Since the 4th is tomorrow I thought it would be a good time to discuss the do's and dont's of fireworks and gunpowder.
Has anyone ever used/made exploding targets, sparkler bombs, bottle rockets bombs etc? How did your experience go?
Hell, my friends and I used to shoot bottle rockets at each other in the field behind my granddads house every 4th of July.....
Quote:Since the 4th is tomorrow I thought it would be a good time to discuss the do's and dont's of fireworks and gunpowder.
Has anyone ever used/made exploding targets, sparkler bombs, bottle rockets bombs etc? How did your experience go?
We used to make homemade fireworks when I was a kid. I type with my elbows now.
and I thought I had it bad typing with one finger :ermm:
Quote:and I thought I had it bad typing with one finger :ermm:
I've learned to live with it. It really becomes distressful when my ear itches. Most people, especially strangers, become alarmed and irritated when I vigorously rub the side of my head on their shoulder.

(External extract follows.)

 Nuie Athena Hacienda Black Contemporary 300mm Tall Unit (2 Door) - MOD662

We used to have "fireworks" wars, we'd split up into teams, build forts out of milk crates and palm meadow leaves. Goal was to burn the other teams fort or catch all the leaves on fire, and of course we would work harder to hit each other. We'd use Mortars as hand grenades, take Roman candles as projectiles. I remember one year I bought one of those 1,000 Saturn Shots nailed it to ply board and turned it over as a Grenade launcher. Everyone always had PVC Pipes converted into Bottle Rocket guns, it was a blast!

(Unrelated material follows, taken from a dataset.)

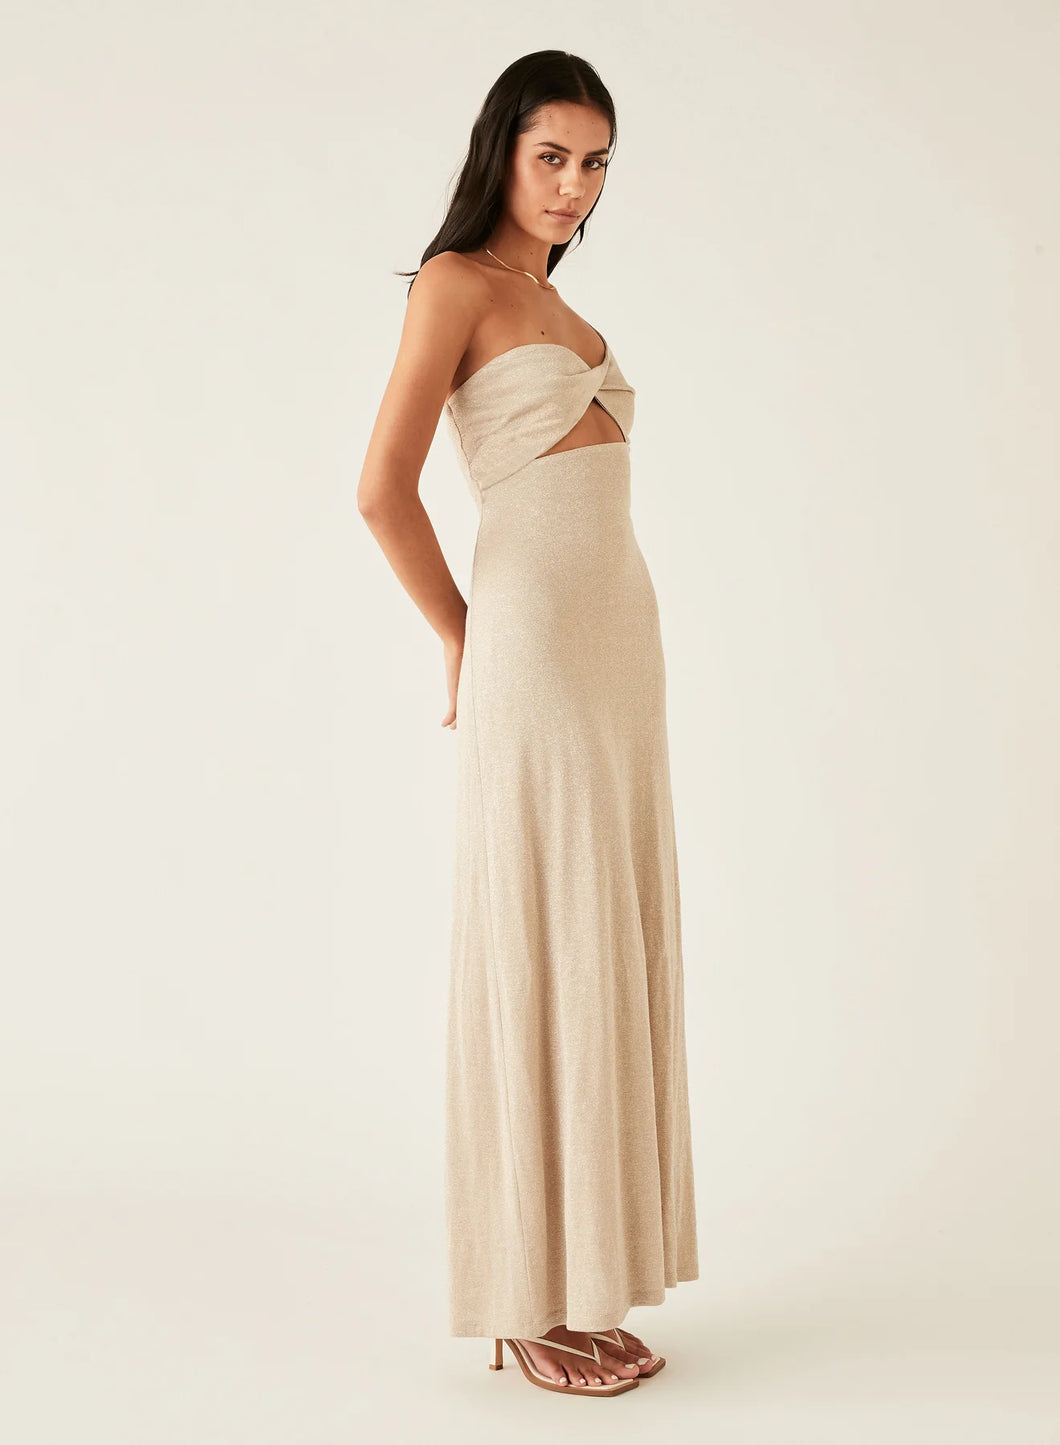 Athena Dress | Esmaee

Can't wait to do it with my kids one day! Just don't tell the wife!
Quote:I've learned to live with it. It really becomes distressful when my ear itches. Most people, especially strangers, become alarmed and irritated when I vigorously rub the side of my head on their shoulder.
Shoulder...sure...shoulder...
Quote:Shoulder...sure...shoulder...
Sometimes the itch is inside...
Quote:Sometimes the itch is inside...
Be careful! They'll send you off to the vet to get fixed! That's what happened when our dog did that...

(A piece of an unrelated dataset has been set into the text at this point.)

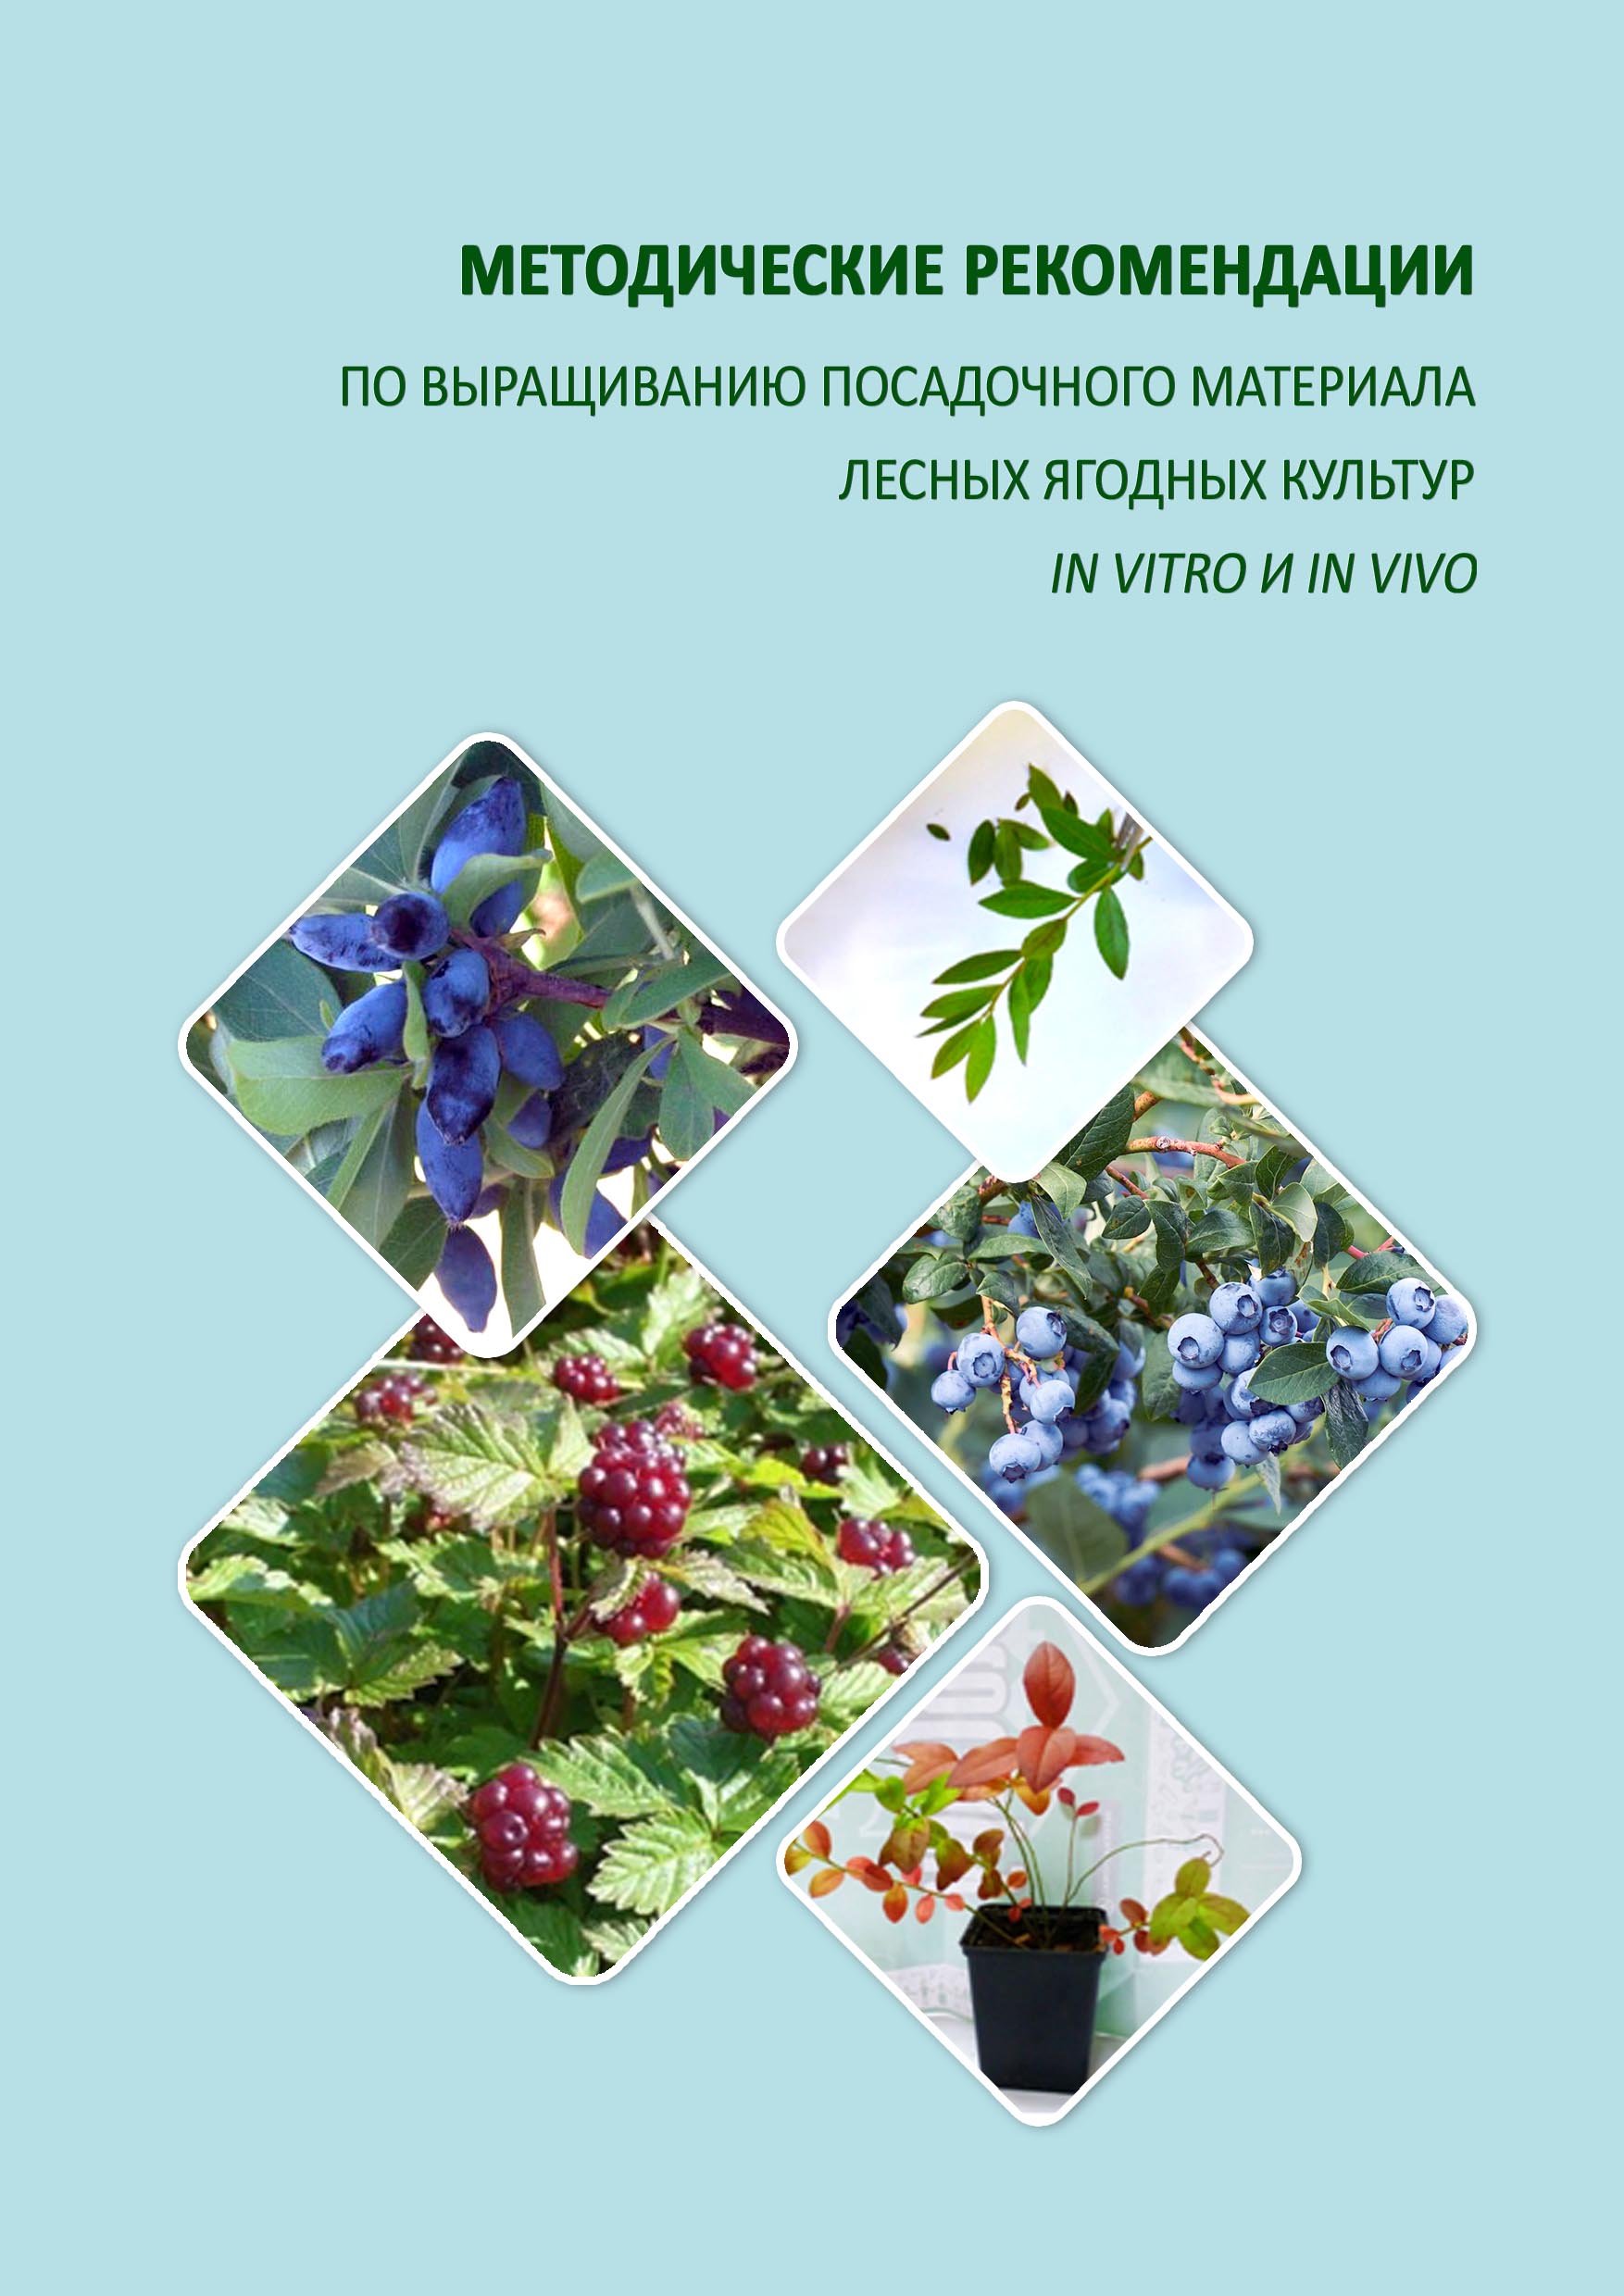 Методические рекомендации по выращиванию посадочного материала лесных ягодных культур in vitro и in vivo

Quote:We used to have "fireworks" wars, we'd split up into teams, build forts out of milk crates and palm meadow leaves. Goal was to burn the other teams fort or catch all the leaves on fire, and of course we would work harder to hit each other. We'd use Mortars as hand grenades, take Roman candles as projectiles. I remember one year I bought one of those 1,000 Saturn Shots nailed it to ply board and turned it over as a Grenade launcher. Everyone always had PVC Pipes converted into Bottle Rocket guns, it was a blast!
Can't wait to do it with my kids one day! Just don't tell the wife!
I got some PVC pipe now....what should I do?
Quote:I got some PVC pipe now....what should I do?
Put a bottle or cap on one end of the pvc, use the open end as a barrel, light the bottle rocket and launch away.
When I was young we had cherry bomb wars. It was really neat when we had a cherry bomb war at night in the dark. We used small lengths of rope as lighters. If you lit the rope and blow out the flame, the coal would remain, and you could use it to light your cherry bomb. In the pitch dark at night, you would see the glowing end of the ropes as the opposing army tried to sneak up on you. We also made banana bombs by inserting firecrackers into cut lengths of bananas. And we made guns by getting a foot-long length metal pipe with a screw-on cap. We'd cut a slot in the screw-end of the pipe for the fuse and insert whatever projectile would fit. We didn't shoot those at anyone, though. We weren't that stupid.
There was a place on 103rd St that would sell illegal fireworks: firecrackers and cherry bombs. It was like a roadside stand.
When I was 12 years old I had a friend across the street who could make his own gunpowder. We blew up a lot of stuff around the neighborhood. Nothing significant or valuable, of course. We didn't want to get into trouble.
We also did this:
http://www.estesrockets.com/
The rocket engines had a backcharge that would go off in order to push out the parachute. So instead of packing a parachute, we packed a whole bunch of gunpowder and used the backcharge to set it off. We hit the neighbor's house with one by accident. Boom! We scattered like rats.
That was a long long time ago.
We had the brilliant idea of holding those tiny firecrackers in our hands when they went off.
My cousin had a roman candle fly up into his shirt(he was wearing a jersey) and it melted a circular spot of his jersey onto his skin. Was epic.